I am so proud of you for sticking with it. That takes a lot of determination. I had a horrendous time nursing my son for the first 3 months (!) I had to wrap his arms tightly and force him to stay on the breast because he flailed wildly and protested and WOULD NOT latch on. The first few weeks were so, so, so painful, and you should ignore people that say that it's only painful if you're doing something wrong. That is simply not true for everyone. It is SO worth it. My son is 10 months and we're going strong and I'll have very mixed feelings about weaning him. It will get better, I promise. Hang in there and pat yourself on the back.
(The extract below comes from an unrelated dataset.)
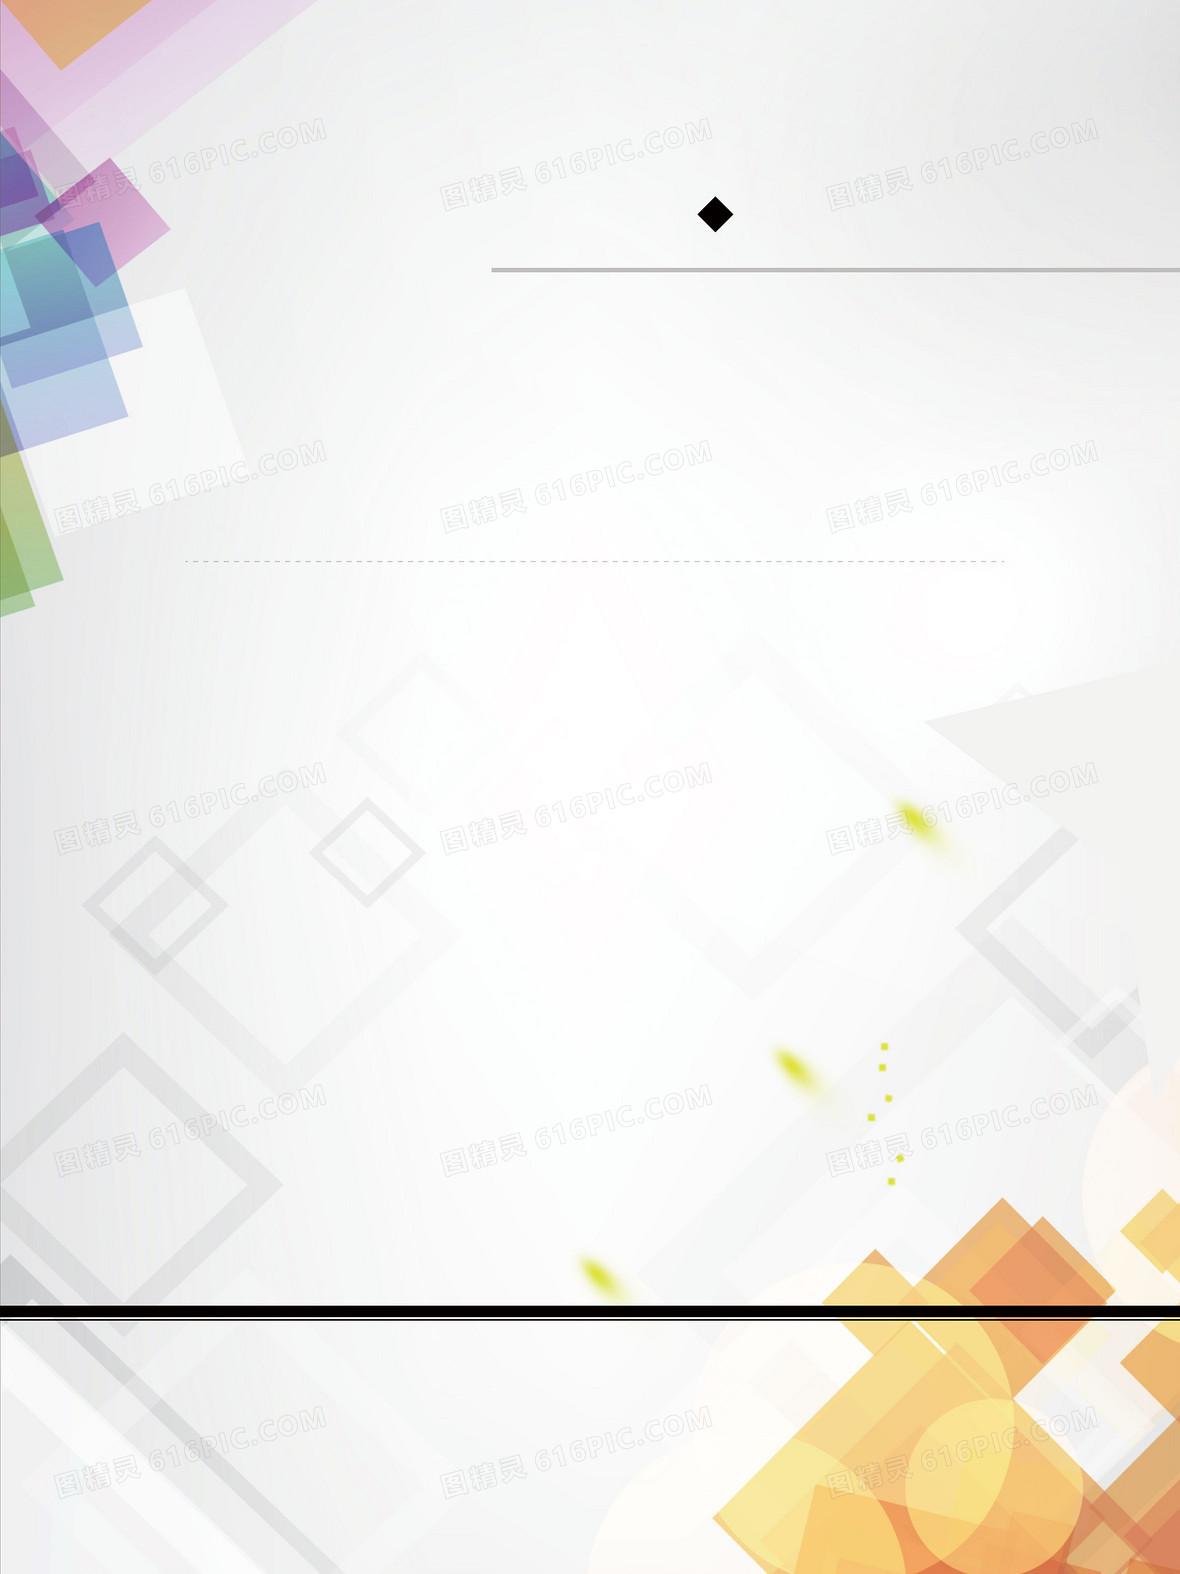 时尚大气公司简介企业文化展板背景素材

p.s. Find a new LC. However much you have to pay her is worth it for many reasons, one of which is the cost of formula!


thank you for sharing your poignant story. unfortunately it was in some ways, my story too. the experience with breastfeeding and the excruiting pain i endured sent me on an incredible journey. from the inability to accept that i (and millions of others) had to "just get used to it" to "investors do not care about mama's pain" i learned that women were suffering in silence. it was unacceptable. why? when comfort was so attainable.

at two o'clock in the morning, as i cried whilst breastfeeding, i tooled a prototype that enabled me to continue nursing at a crutial moment. i could not endure the pain unassisted.... the device worked and i made it through the night and over the hump without drugs or engorgement. the lesson i learned was that if nursing women had something for pain during nursing they could stay on schedule and may never experience the snowball effect of failure to evacuate the breasts (engorgement, plugged milk ducts, infection, etc.).

your story is my story. thank you again for sharing it with me.


I just sent you an email with some breastfeeding information through the side bar "email me" that an oops? and forgot to mention that sometimes when babies have had their necks and heads mished or twisted a bit in the birth process-they also will have latch on issues. If peanut prefers one breast over the other, fusses in some positions no matter what etc-see if you can do some gentle massage on her. Some chiropracters and massage therapists specialize in a two second manipulation of the cranial bones and cervical spine-but only go to one that has a good reputation...some really are bone crackers. not a good idea. It is a common malady with c-section and vacuum/forceps births, or very fast pushing phase. Heather


Oh-one of these days I'll remember everything at once. It sometimes DOES help to wrap them snugly in a "mummy wrap"-almost any baby book shows you how. Gets rid of the flailing arm and leg scenario, which makes it difficult to calmly put them in a good position. Also-putting them to breast the minute they even sigh, make sucking noises etc (you probably already know the signs) and when they are a bit in the "dopy phase" of waking up to get REALLY hungry, is the best time to grit your teeth and sing a rousing irish drinking song or something and put them to the breast-As long as the latch on is good-see first email-they can snooze a bit and suck a bit and hang out at the bar!